Friday, July 17, 1998

BY BEN L. KAUFMAN
The Cincinnati Enquirer

kid fishing
Josh Bowman, 13, of Bellevue casts a line from Newport into the muddy waters where the Ohio and Licking rivers merge.
(Michael E. Keating photo)
| ZOOM |
The Ohio River Valley Water Sanitation Commission (ORSANCO) celebrated 50 years of battling pollution Thursday by rejecting any hint of middle age and looking for new fights.

Cincinnati-based ORSANCO is committed to reducing river pollution through programs that its eight member-states embrace and enforce. Suggestions for its priorities heading into the next century were discussed during a conference Thursday at the Omni Netherland Plaza Hotel. Among them were:

  • Controlling runoff, which brings agricultural and industrial pollution into the river.

    "We are pointing the finger," said Dale Flaherty of Duquesne Power in Pittsburgh. "The problem today is not a pipe coming out of some plant."

  • Creation of an effective, comprehensive emergency response system in place of fragmented responsibilities among various Coast Guard stations, Environmental Protection Agency regions and states.

    Cincinnati-based ORSANCO "is in a prime position for a whole-river response," said Capt.
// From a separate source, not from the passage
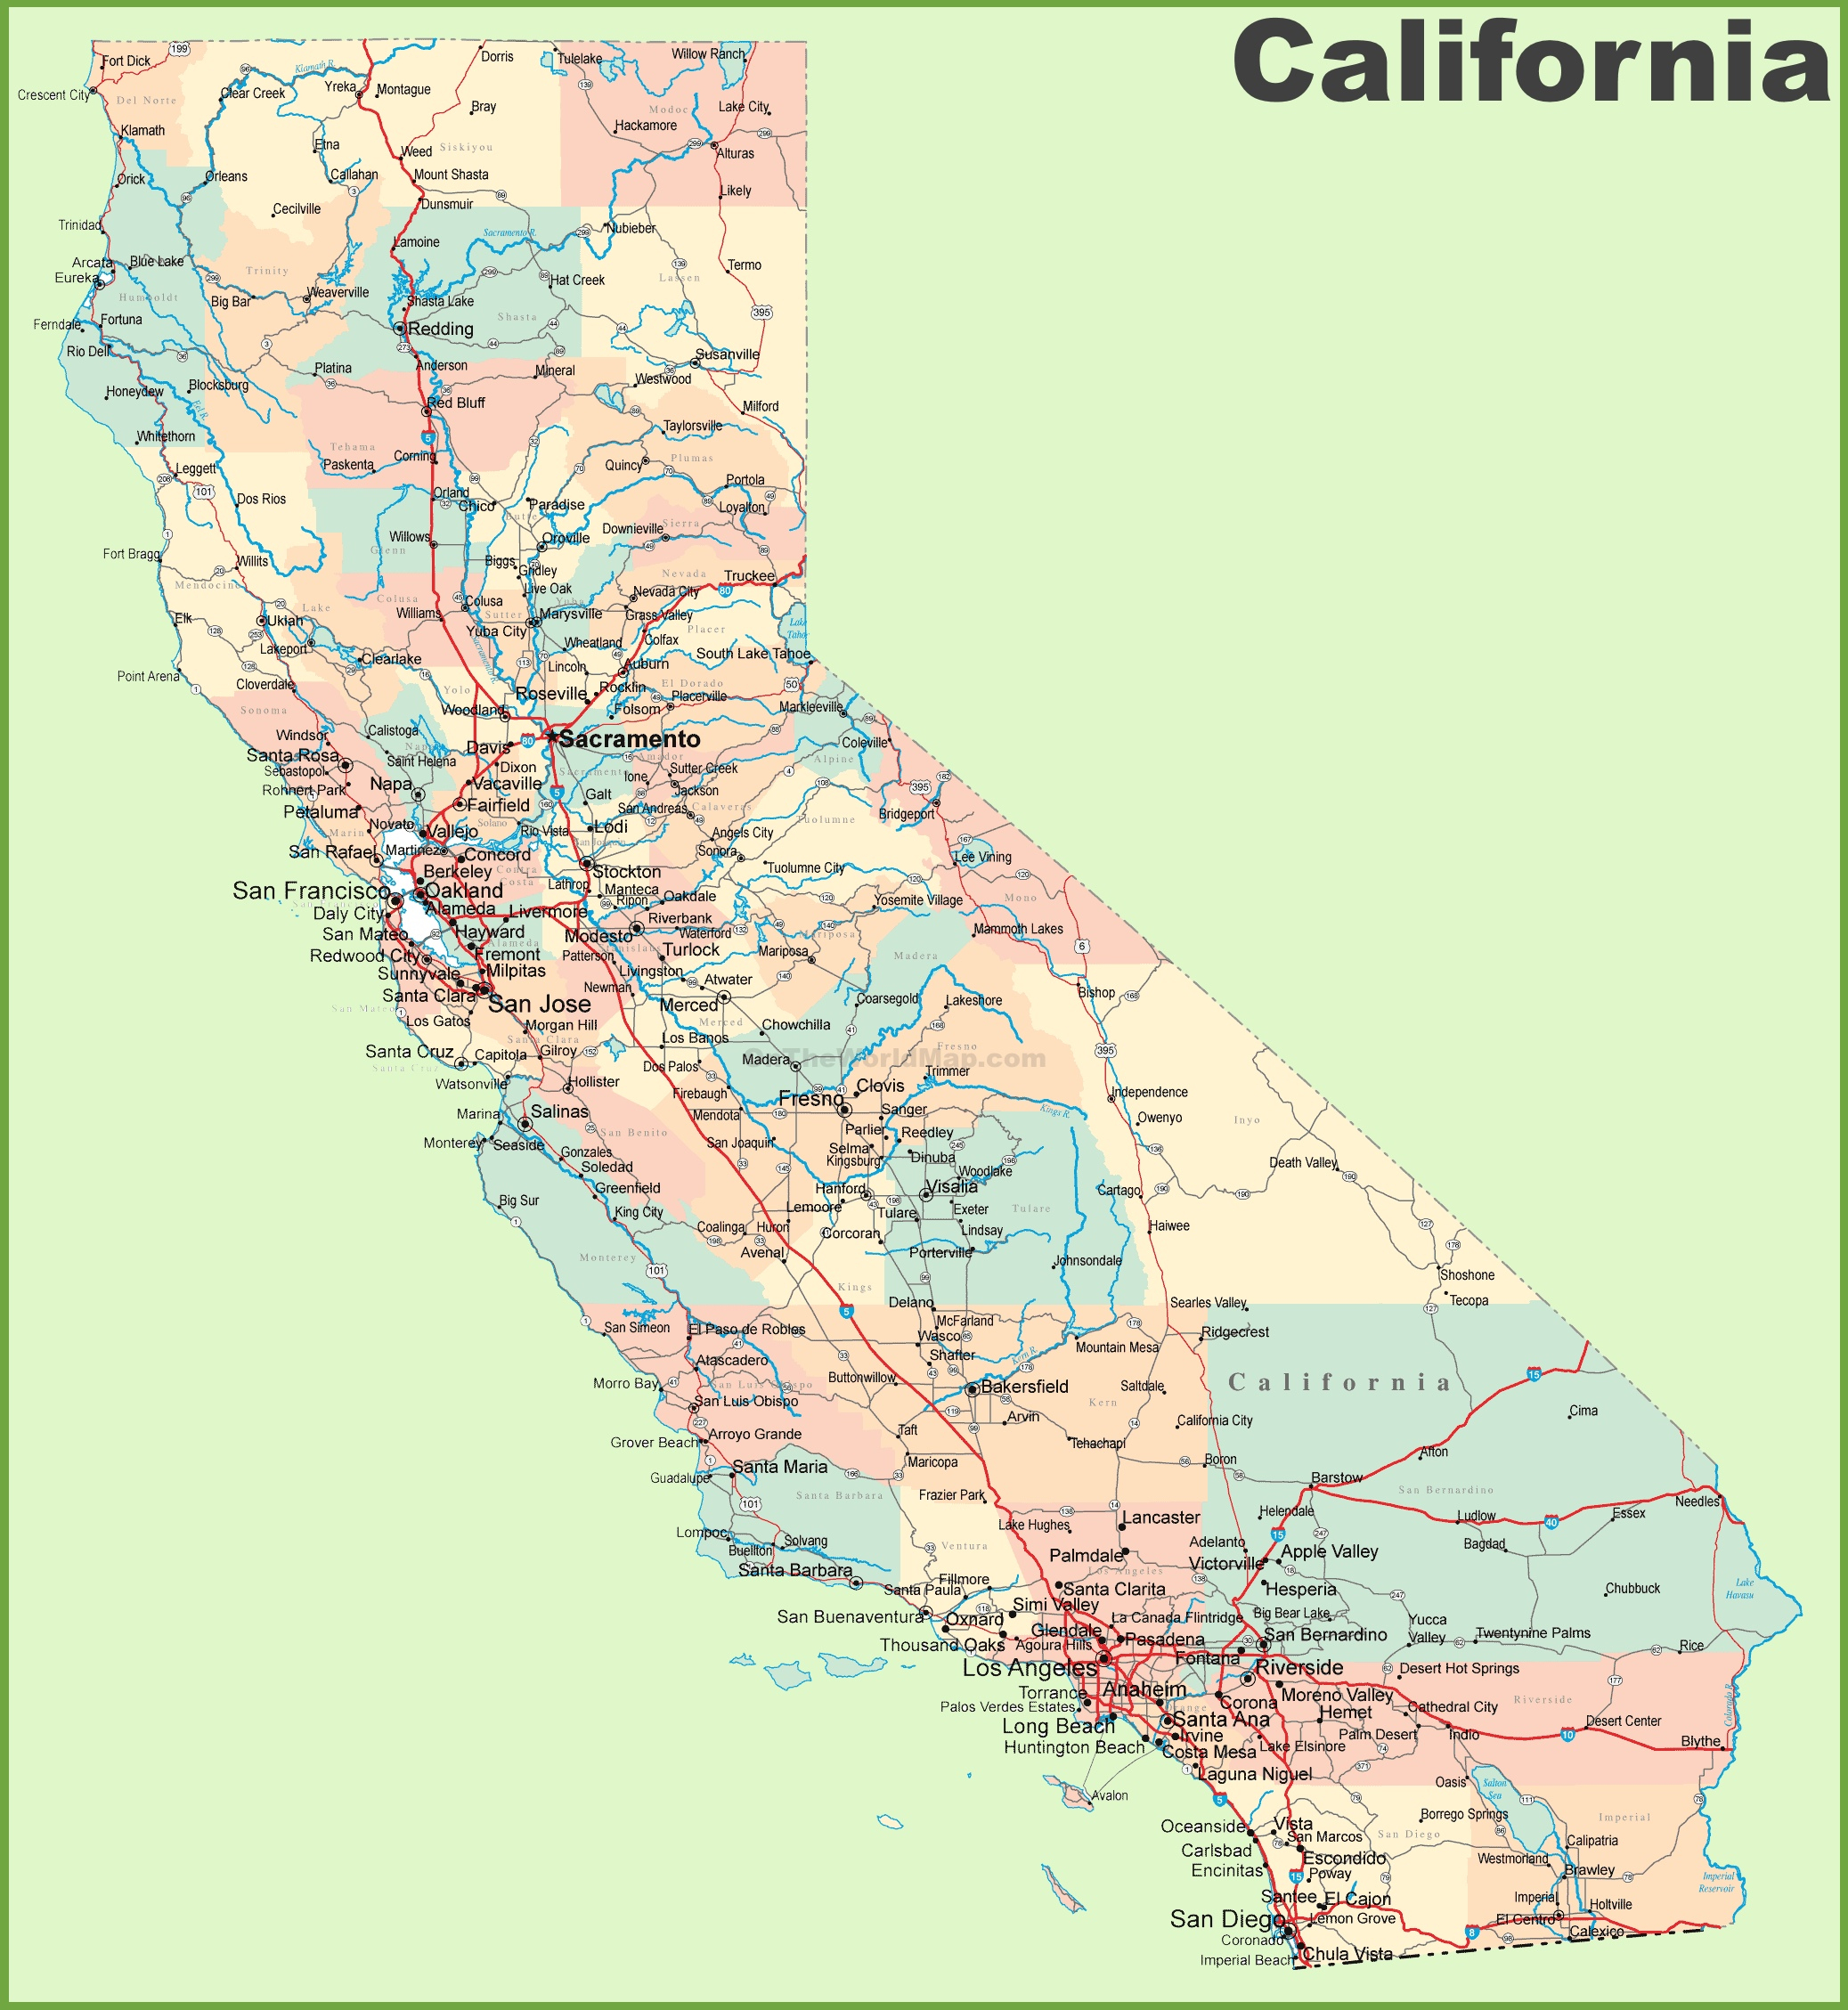 California Road Map - California State Road Map

Andrew Cannava, of American Commercial Lines in Jeffersonville, Ind.

  • Add tributaries throughout the huge watershed to ORSANCO's traditional focus on the main stem from Pittsburgh to the Mississippi River at Cairo, Ill.

    "It would be great to have a clearinghouse," said Derek Guthrie of the Louisville-Jefferson County Metropolitan Sewer District, because identifying assets and problems today can be a "very squishy thing."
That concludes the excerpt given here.